PFC  William Buwalda

April 26, 1908: Goldman lectured on patriotism at Walton's Pavilion in San Francisco. A US soldier, PFC  William Buwalda, attended the lecture in uniform and was witnessed shaking her hand. 

Within two weeks, he is court-martialed in violation of the 62nd Article of War, and found guilty by a military court, dishonorably discharged and sentenced to five years at hard labor on Alcatraz Island, San Francisco, California.  

May 22, 1908:  William Buwalda's sentence was commuted to three years' hard labor, in deference to Buwalda's 15 years of excellent military service and the assumption of a temporary lapse in judgment under the sway of an "anarchist orator."

December 31, 1908: President Theodore Roosevelt pardoned William Buwalda, In January of 1909, Emma Goldman announced that anarchists across the country had raised one thousand dollars for Buwalda to begin a new life after prison.

Rout

January 15, 1909: San Francisco police arrested Goldman and Ben Reitman just before they were about to hold a meeting. Police charged them with rout—the assembly of two or more persons at a meeting where measures are advocated where if they were actually carried out would lead to a riot.

Police also arrested William Buwalda for his protest of their arrest.

July 23, 1909: Goldman spoke in NYC. Among her comments were: Many people are afraid to come to an Anarchist meeting because they fear that they will be blown up. Isn’t it stupid to be afraid of violence; only of individual violence. They have no objection to battlefields, and policemen, and electric chairs, and other ornaments of the present system. So long as violence is committed in the name of the State they are happy.” She referred to the hanging of the Anarchists after the Haymarket riots as “judicial murder.”

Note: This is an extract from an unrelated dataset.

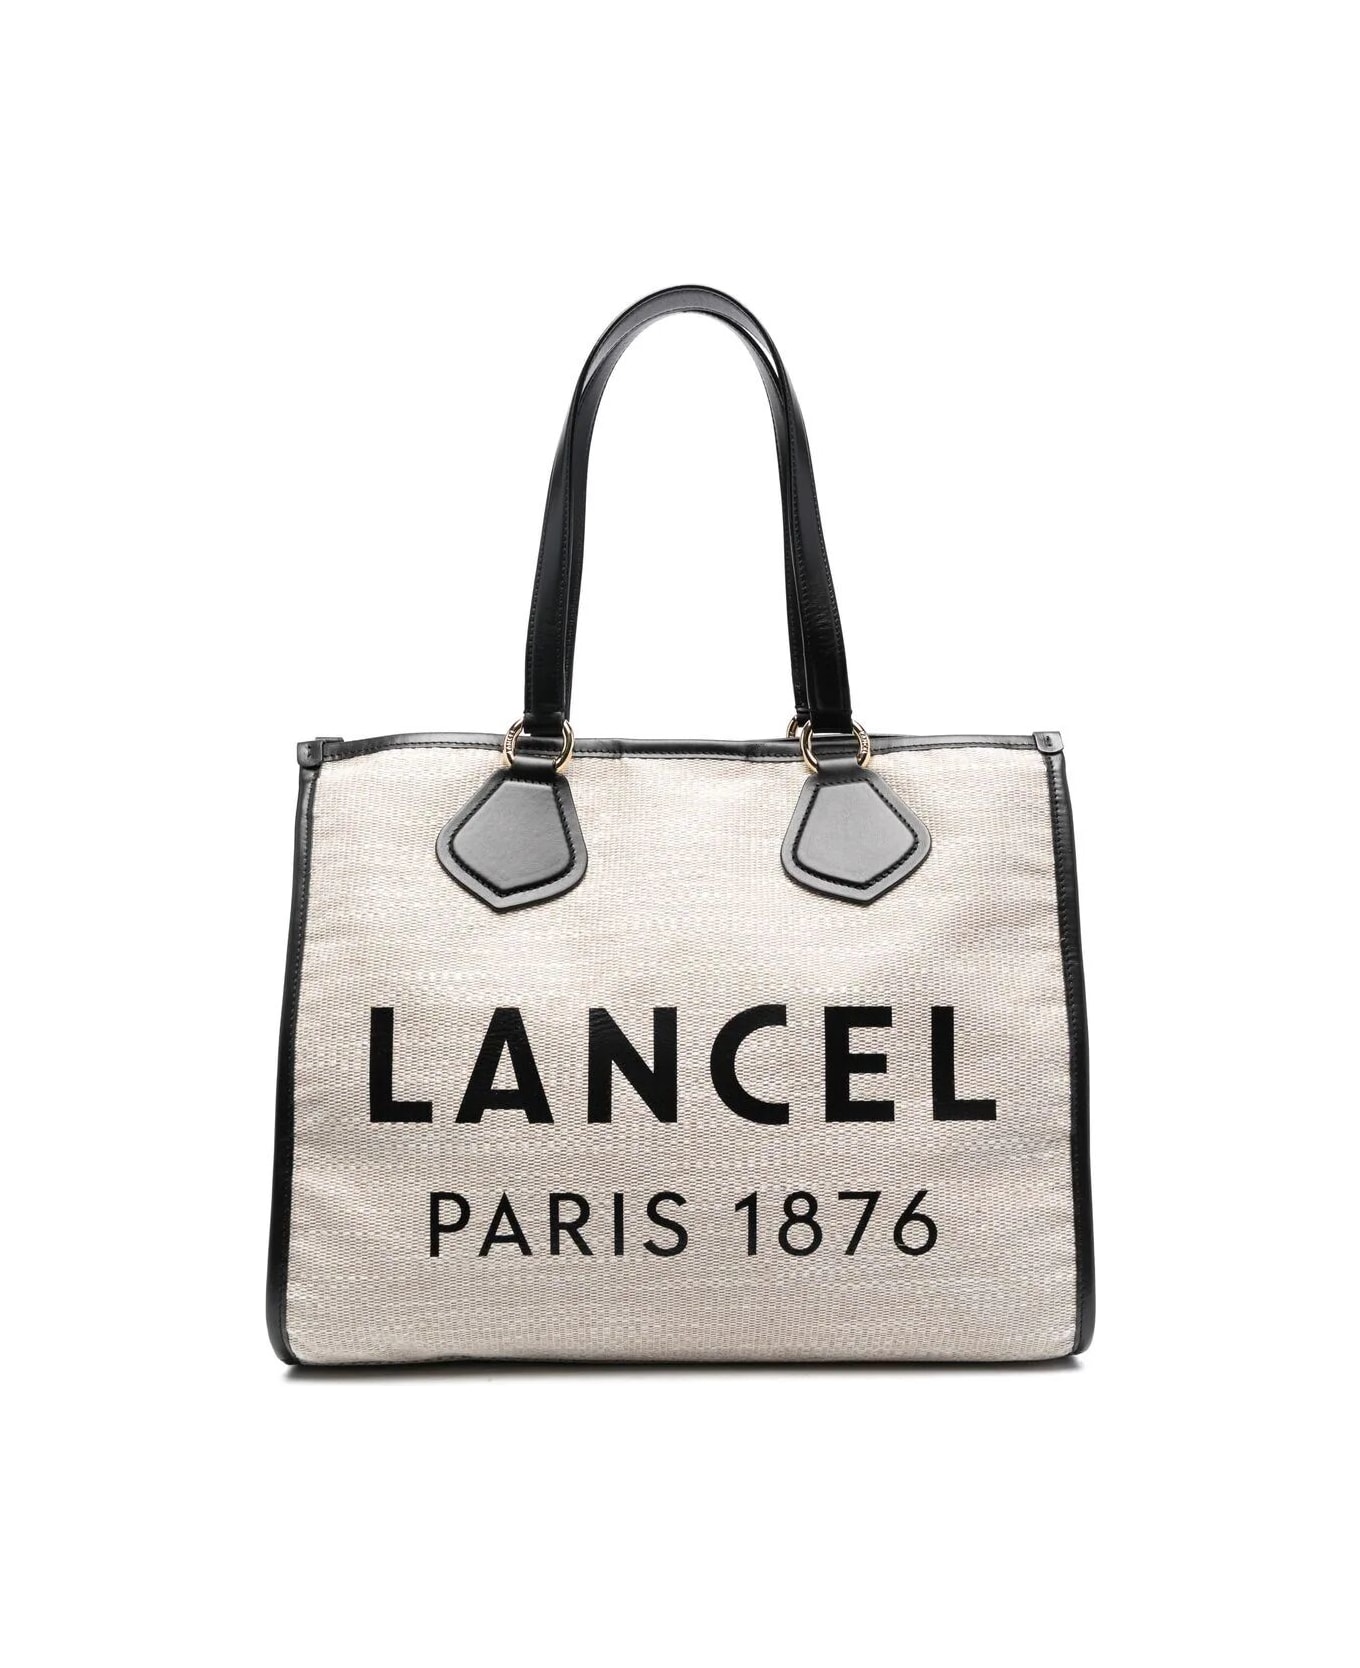 Lancel Summer Tote - L414201l Beach Bag - A Natural Blk トートバッグ

January 14, 1910: Mother Earth magazine was banned from the mails after Anthony Comstock complained about Goldman's essay, "The White Slave Traffic," under section 497 of the Postal Laws and Regulations Act of 1902. Later, the issue will be released by the Post Office after Comstock is forced to withdraw his objections.

Anarchists excluded

March 26, 1910: an amendment to the Immigration Act of 1907 passed Congress. The 1910 Act, while not changing the language excluding anarchists, streamlined the methods of prosecution and deportation of excludable aliens, forbidding any anarchists into the U.S.

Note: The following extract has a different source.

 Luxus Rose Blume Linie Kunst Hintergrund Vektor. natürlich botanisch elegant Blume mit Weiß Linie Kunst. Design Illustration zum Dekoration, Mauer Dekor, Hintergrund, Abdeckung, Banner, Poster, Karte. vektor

On her 1910 tour, she had spoken 120 times in thirty-seven cities in twenty-five states, reaching 25,000 people. On December 17, 1910 Goldman published her first book, Anarchism and Other Essays

Ben Reitman

May 14, 1912: Goldman and Ben Reitman arrived in San Diego to support the efforts of the I.W.W. An angry crowd of 2,000 surrounded Goldman's hotel. 

Vigilantes seized Reitman, tarred and"sagebrushed" him, and burned the letters "I.W.W." skin with a cigar. The vigilantes also forced Reitman to kiss the American flag and sing "The Star Spangled Banner." He later made his way back to San Diego, and then to Los Angeles, where he reunited with Goldman.  

May 17, 1912:: in a New York Times article, Ben Reitman described his abduction and torture.

A year later, on May 20, 1913: Goldman and Reitman returned to San Diego. Goldman was scheduled to lecture on Ibsen's Play, "An Enemy of the People." 

Upon their arrival, they were taken to a police station under police protection, surrounded by a mob, and later escorted and placed aboard the afternoon train to Los Angeles "for their own safety."

World War I

June 28, 1914: a Bosnian Serb anarchist assassinates Archduke Ferdinand, the heir to the Austrian throne.

August 4, 1914: Britain declares war on Germany.

Goldman and Women’s Health

Anarchist Activist Emma Goldman, 

August 6, 1915: Goldman and  Reitman arrested in Portland, OR for distributing literature on birth control. Goldman wass released on $500 cash bail and announced that she would try to speak on the subject of birth control on August 7. Reitman remained in jail. 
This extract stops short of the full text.